As background for the discussion, I offer below the comments of this topic's proposer, Hewitt Rose, who explains his understanding of the question and provides some well-researched suggested readings.
Hewitt's take on the topic:
In any rigorous epistemological argument, eventually someone is going to rear up and say, "Well, there is one example of Absolute Truth -- something that we can be certain is true for everyone, everywhere, at all times -- mathematics. The claim 1 + 2 = 3 is Absolutely True; even God cannot get a different result." Someone else will reply, "The claim is only true because we define 1, +, 2, =, and 3 that way and because of the context of the claim. If we toss one glass of water into the ocean, then two more, do we have three glasses of water? We say, 'no' only because of the categories that we create." The argument is not merely over math, but rather the nature of truth. If, for example, you can demonstrate that there is absolute mathematical truth, does that not argue for the possibility of absolute moral truth or some meaning to life that is not merely subjective?
So, is mathematical truth out there to be discovered, is it simply one of many possible ways we can conceive of our world, or is it both? Math works in the real world astonishingly well, yet math is unlike any other human knowledge. There is no way to empirically test the ultimate validity of math itself. In addition, there is no way to build up math rationally from first principles. Alfred North Whitehead and Bertrand Russell tried in the Principia Mathematica, only to be forced into admitting they were wrong by Godel's Incompleteness Theorem. So much for mathematical certainty, and so much for any certainty. Still, if math is only a human construct, then it is certainly a construct that works with great reliability and consistency between people; that is, it appears to be objectively true. Gregory Chaitin suggests that if a mathematical claim performs reliably, i.e., it passes the test of experiment, then we should treat it as objectively and relatively true, even if we cannot prove it in a formal sense.

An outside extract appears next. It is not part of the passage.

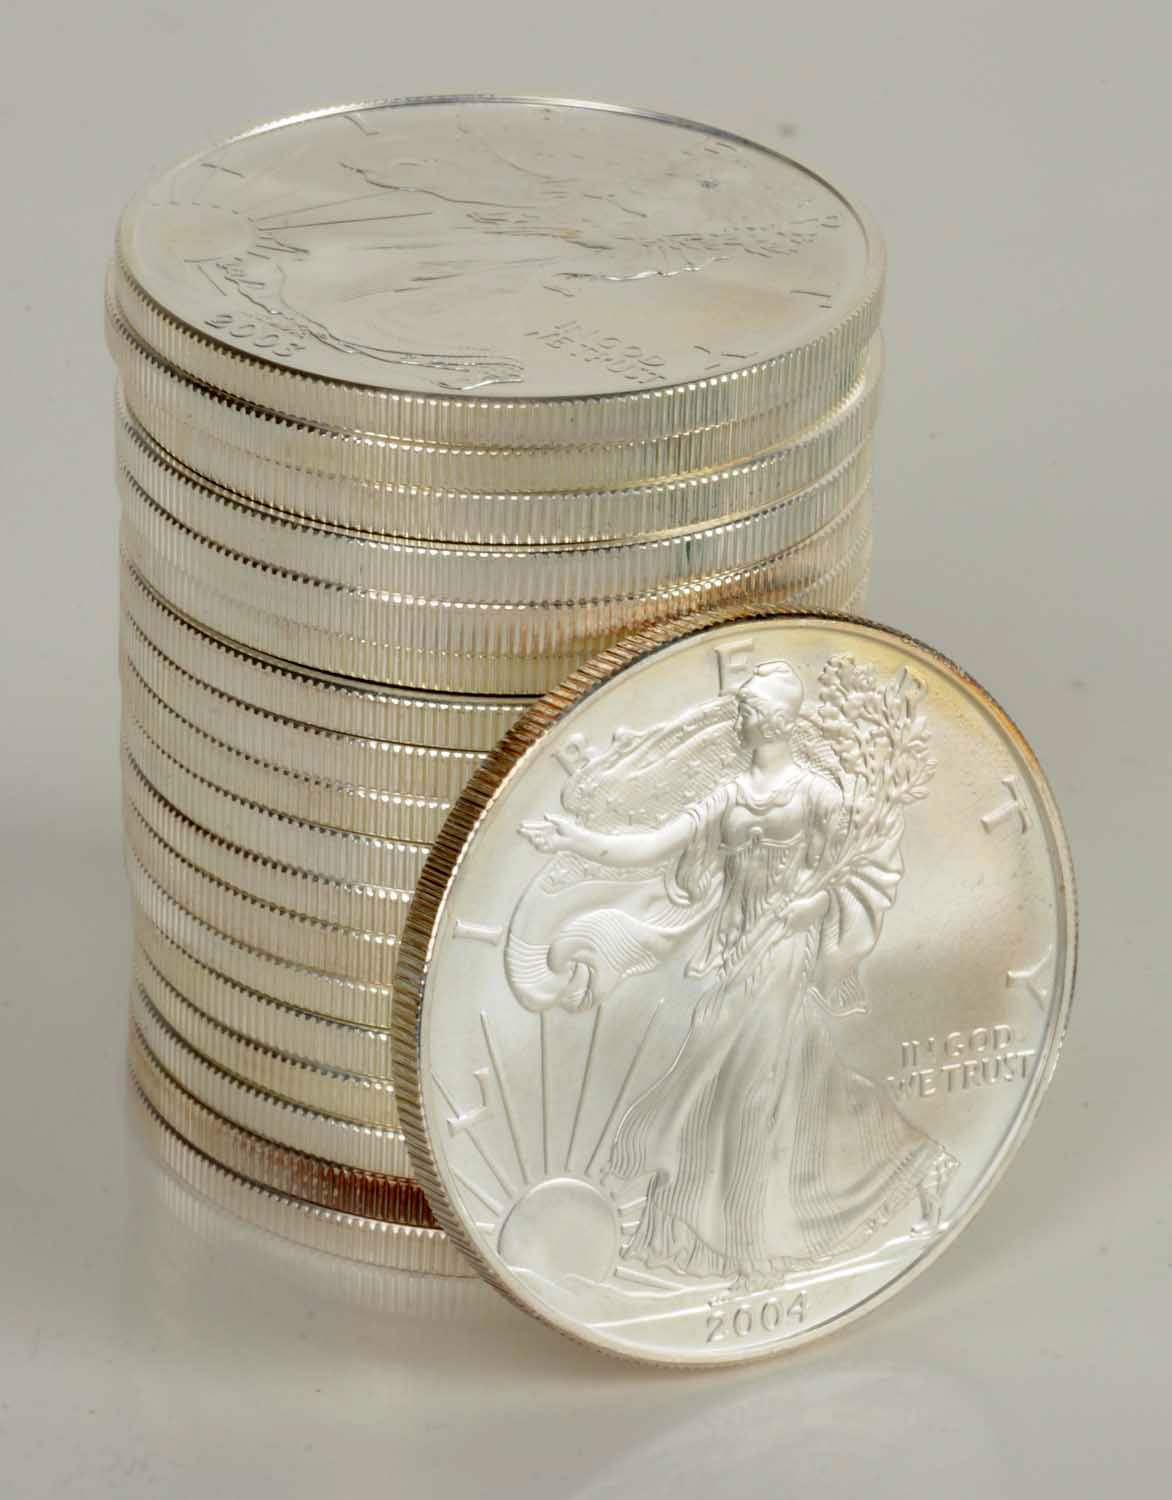 Roll of 20 American Silver Dollar Eagles, Estimated at $350-450.

That point leads to the problem of computer proofs of mathematical statements. Some computer proofs are so long as to be incomprehensible to anyone. Can we accept them as proofs just because the computer says so, unverified by any human, or just because the claim seems reliable? If we do, are we treating the computer like a God; that is, are we taking the computer's authority on faith?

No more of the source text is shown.